Knowing how everything plays out, we could be the "Ultimate Unlucky Student"...

When we arrive at Hope's Peak and enter the foyer, our vision blurs and we pass out. Next thing we know, the school is all boarded up and the killing games begin. The rules are laid out nice and simple: to graduate and be allowed to leave the school, we must kill another student and (this is the most important part), we need to get away with it.

Once a student has been "blackened" by murdering another, a class trial begins and the remaining students must successfully identify who the blackened is. Get it right, and they are punished by execution and the communal school life continues unabated. If the killer goes free, everyone else is punished by death and the blackened will graduate and are allowed back into society.

The game starts with fifteen characters you get to know and love, and in the end, only a handful survive. In-between killing each other, opportunities to build social links will present themselves to you, and provided you're spending your coins in the "MonoMono Machine", you might have some nice gifts to give to that special person in your life to progress your relationship. Whoops, you sunk all your time, presents, and love into that character and they just got killed. Ha!

While gadding around this jailed-up highschool, you're going to be ridiculed by a bear named Monokuma. He's the self-proclaimed headmaster of the school and derives satisfaction from forcing every student into despair. By the end of the game you think you have the mystery licked, and know who's really controlling the robot bear, but... You don't! Puhuhuhu! Puhuhuhuhuhuhu! Don't worry about it!


I'm worried about Celeste's iron deficiency.

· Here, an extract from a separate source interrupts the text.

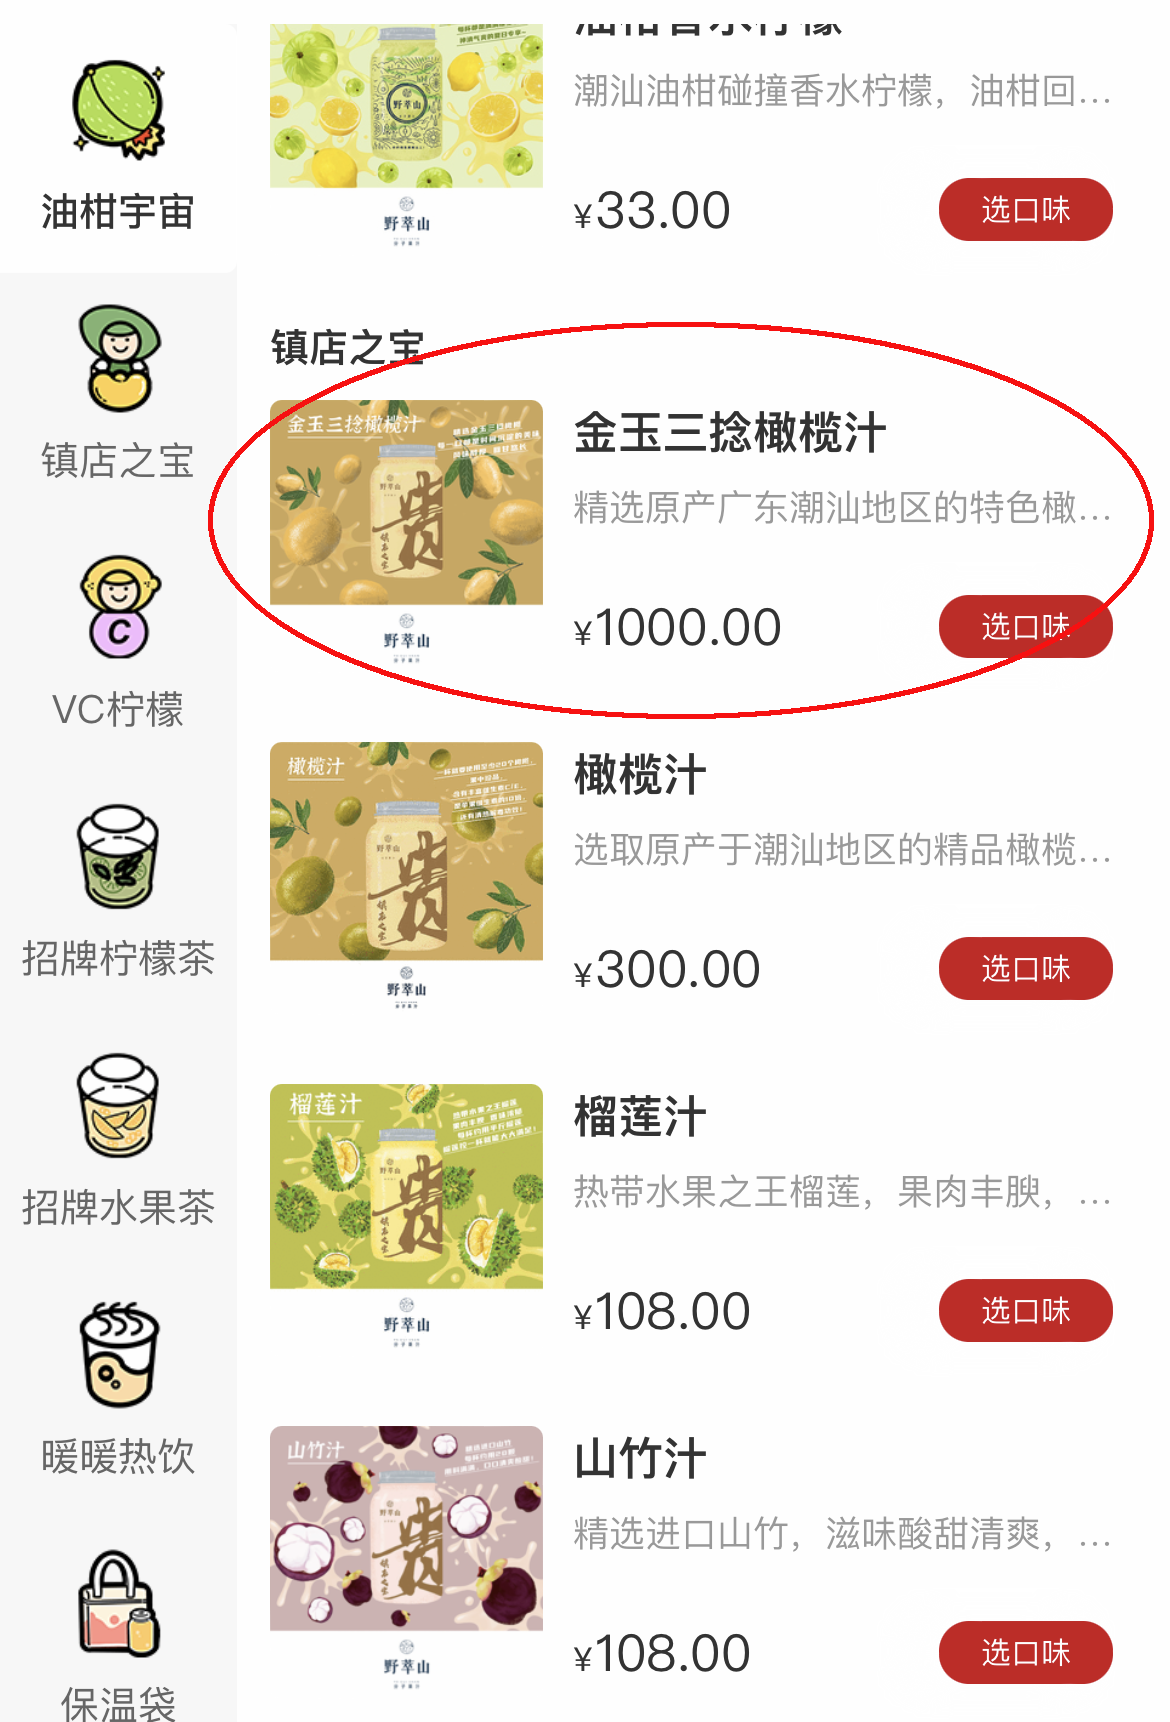 深圳官方再次回应千元饮品:购买价格与宣传价格不符 公司已备案

The game's visuals suffer from being a port of a PSVita port of a PSP game, that's for sure. Blurry and low-quality assets blown up to your monitor resolution, with some noticeable artifacting and very low-quality textures on background 3D elements. It feels like no attempt was made at sprucing up the game's visuals for PC. There are also spelling errors, typos and oversights which I'm told were also in the Vita version and haven't been fixed. Given the age of the game, it's unlikely these mistakes will be fixed, and this port does kind of feel like a botch job in that regard.

Despite the visuals being stretched and uneven in quality, the visual style of the game is very satisfying. How rooms pop up like a children's book as you enter, how blood is shown a bright pink instead of red, these visual decisions ooze cool. This game is style personified, down to its funky and bizarre soundtrack from Masafumi Takada, who scored God Hand and No More Heroes! So now I know why it was so damn catchy!

Controls and gameplay are antiquated and archaic too. The courtroom battles may have worked well on the PSP or Vita, but when these controls are hastily mapped to a gamepad for the PC release you'll find buttons reused even though there are now plenty more to work with. With this being the first game in the series, I'd expect the future games to be better, and from what my friends have told me the battle system vastly improves between each game, so I have that to look forward to as I make my way through the series.

Sadly, only a small handful of the game's dialogue is voiced - pretty much only that which appears in the class trials and certain set-piece scenes. This piecemeal voice-over is certainly disappointing but I understand this is typical of visual novels and something I will have to come to accept. The voice acting is superb across the board but some of it sounds pretty flat probably due to being compressed assets rather than the original recordings. With any luck, the quality of everything will improve as the series carries on.

Those who enjoy murder mysteries, slice of life and highschool drama will eat up Danganronpa. I've deliberately attempted to resist giving any spoilers that would tear apart this game's mysteries.

I could easily talk at depth about each trial, the events before the game takes place, each of the plot twists and how I felt about them, but it's not worth spoiling it for anyone who hasn't played the game yet.

If you're new to visual novels, Danganronpa is a great introduction. If you liked the Persona series for its social aspects and time management, this game is definitely for you. So what's it gonna be? What's it gonna beeeeeee~?